So here’s how to find an agent, as far as I’ve been able to piece together:
Step 1: Write a book. No, don’t just start writing a book. Finish it. Revise it. Edit the hell out of it. Then start on the NEXT book, because this whole process is going to take a while. Keep writing while you search.
Step 2: Craft an excellent query letter and send it out to agents who would be a good fit to your work.
Step 3: …
Step 4: Land an agent!
Okay, okay, so I admit it: I have no idea.
Really, I don’t. I know the first two steps are important, but I haven’t a clue what step 3 looks like.
The fun plot twist? I now have an agent. So I should know. Right? RIGHT?
I find the whole thing especially funny because I’d pretty much given up on the idea of finding an agent. I have on several occasions described the process of landing an agent as being akin to trying to find a date for the prom using only encrypted postcards sent to other cities, blindfolded. Handcuffed.
I asked anyone I knew who had an agent their secret and pretty much unanimously they shrugged or politely smiled and suggested I hang out over at queryshark.com and keep trying. I remember being pretty frustrated.
It never occurred to me that maybe they didn’t know the secret. Maybe there is no secret.
But no! There has to be, right? I sent off emails and waited on responses and while those responses were polite enough, nothing ever clicked. I memorized Query Shark. I entered a bunch of twitter pitch fests. I also made some classic mistakes, including my personal favorite: getting into an argument with an agent because I felt her stated reason for rejecting my submission was invalid. (I won’t go into details, but let’s just say it doesn’t matter why an agent is saying no — once you’ve reached that stage, it’s done. Walk away.) I became comfortable with the idea I was going to be indie-publishing or self-publishing forever and ever.
Thank god for my friends. They kept pushing. “What’s the harm in sending out a few queries?” one told me. And I smiled and agreed and mostly ignored their excellent advice.
Then one of my friends decided to play matchmaker. She sent me a link to the web page of an agent named Sam Morgan (at the time he was at Jabberwocky) and said, “This is the one! This is it! He’s perfect for you!”
I laughed and read his description of the sort of work he was seeking and…stopped laughing.

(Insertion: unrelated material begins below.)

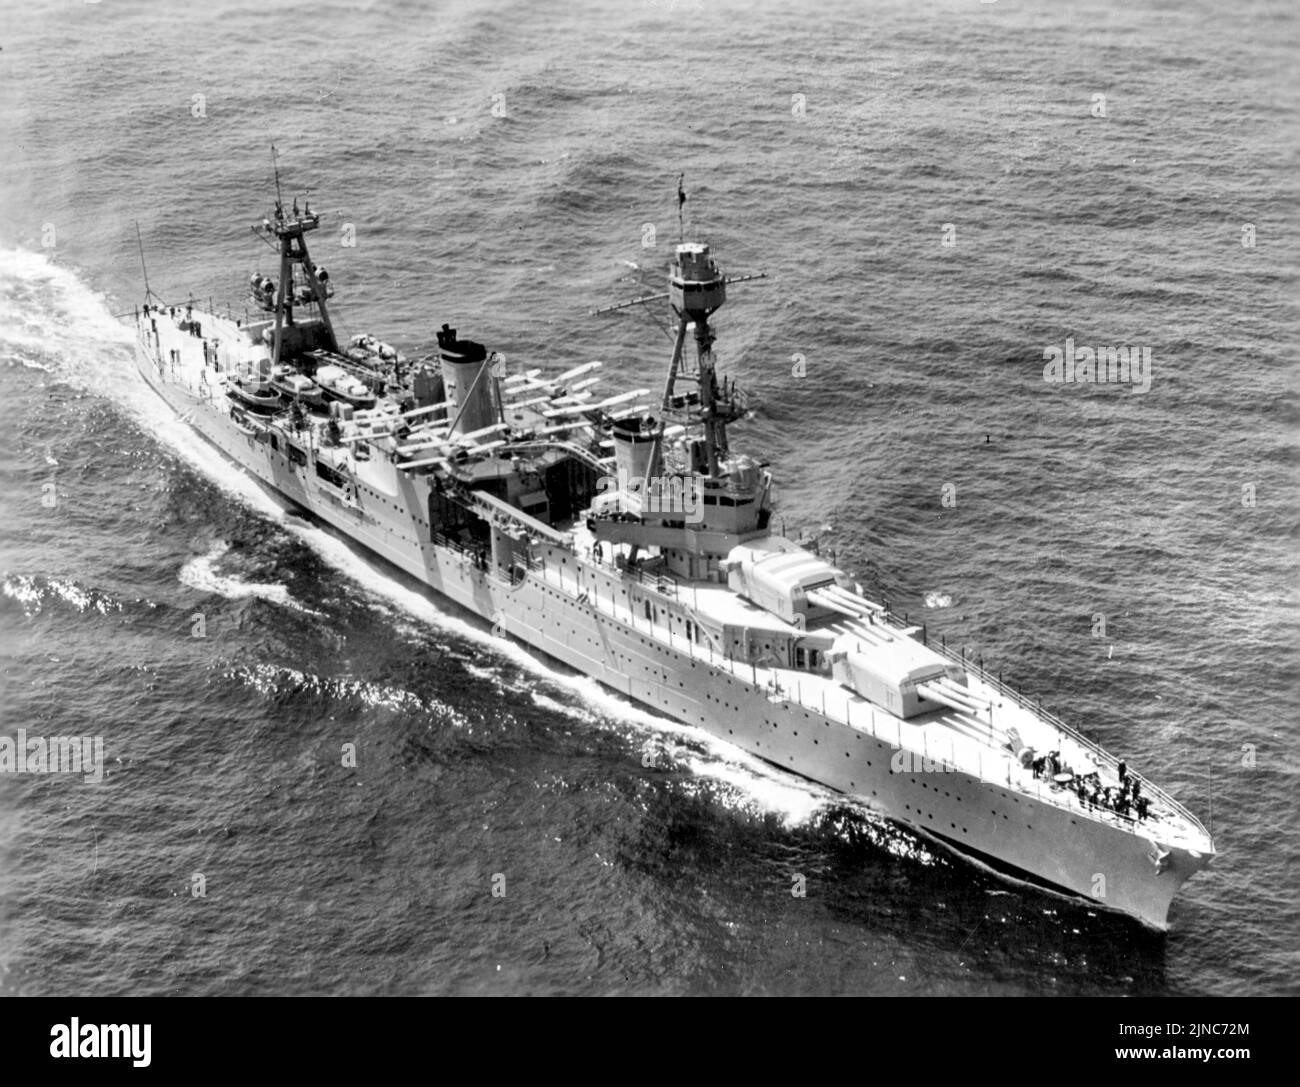 Le croiseur lourd USS Chicago (CA-29) de la Marine américaine est en cours au large de New York, au cours de l'examen de la flotte le 31 mai 1934. Banque D'Images

Because honestly, he did sound kind of perfect for me. We liked the same sort of books and the same sort of humor and both of us had a deep love for insanely detailed fantasy novels (which was exactly what I was pitching.) So the first thing I did was read everything I could find on Sam Morgan, from his blog to any mentions of him on any forum I could find (apparently finding an agent is a bit like stalking,) and the second thing I did was throw out my standard form query letter, the one I’d been sending to everyone minus a name change and a few personalized touches to prove I didn’t have a standard query form letter.
I wrote Sam’s query letter from scratch, and he is the only agent who has ever received it. I broke all sorts of rules on writing queries: this was irreverent and informal and possibly the most honest and authentically ‘me’ query letter I’ve ever sent out. (Note that I broke all kinds of rules except the ones that Sam himself stipulated for query submissions. THOSE rules I obeyed.)

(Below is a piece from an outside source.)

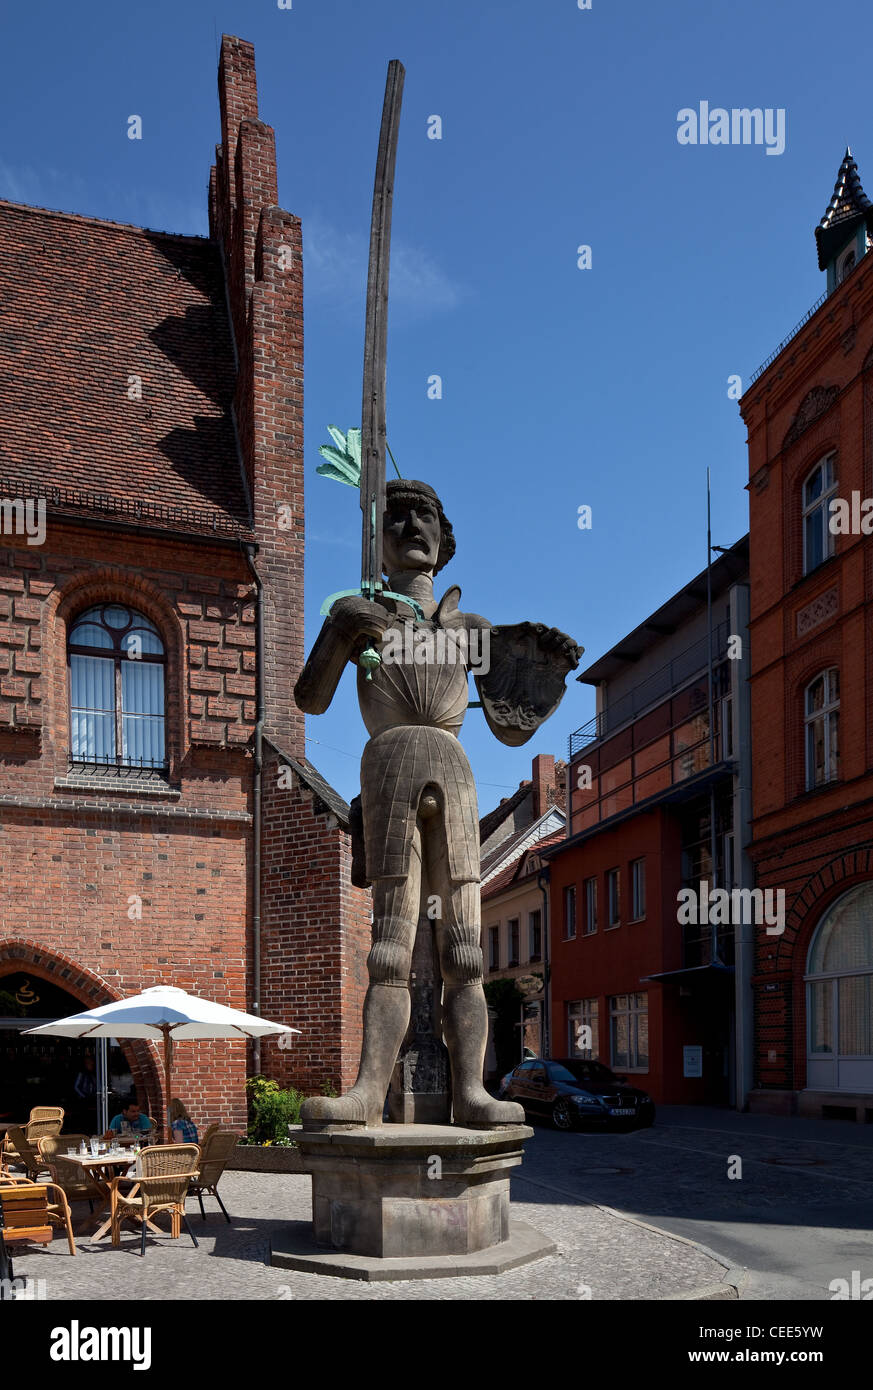 Stendal Rolandfigur vor dem Laubenflügel des Rathauses, errichtet 1525, Kopie 1974 m hölzernem (!) Richtschwert, Höhe 7,80 m Foto Stock

Looking back, I think the authentic part was important. I was very honest. Too honest? Maybe…but normally, I would expect to hear back in a few weeks or even months.
Sam wrote back within FIVE MINUTES to ask for more, and then again the next morning to ask for the full manuscript. And when he wrote back to me about that (which took longer) it was to ask for a phone conference.
…at which point, he asked me to rewrite the entire manuscript. THE ENTIRE MANUSCRIPT. Do you feel that scream in your soul? I did.
Ugh. Was he going to sign me? No. Not yet. He wouldn’t sign me until the manuscript was ready, and he felt it needed work. He warned me that it might take two or even three years to get it right.
My friends were appalled. Horrified. I mean, you do hear stories, you know? People who rewrite their work at an agent’s request only to have the agent decide they weren’t really interested after all. A lot of people asked me if it was a deal-breaker. And maybe with a different agent and a different request, it might have been.
The thing was: Sam’s reason for wanting rewrites–his advice on how to tighten up the story–was amazing. Great, fantastic critiquing. Every point he brought up was insightful and helpful constructive criticism. If I walked away from that, I’d be walking away from the best chance I had ever had to take my work to the next level.
So I rolled up my sleeves and rewrote the manuscript.
And then I did it again, because Sam insisted it could be better still.
Of course, he was right.
And the third time, he called to say he wanted to sign me.
But you see the problem, right? How do I translate that into four easy steps? How do I translate that into useful advice at all? What worked for Sam probably wouldn’t have worked for any other agent in the entire universe, and it was mostly chance and insouciance that lead me to send him the query letter I did. (Not such would have mattered if he hadn’t liked my writing.)
So here’s my advice: write. Keep writing. And while you’re sending your book out, write more books. Pay attention to the rules of querying, but also know that there may be times and places where you’ll want to break those rules.
Which really makes it a lot like writing the book itself.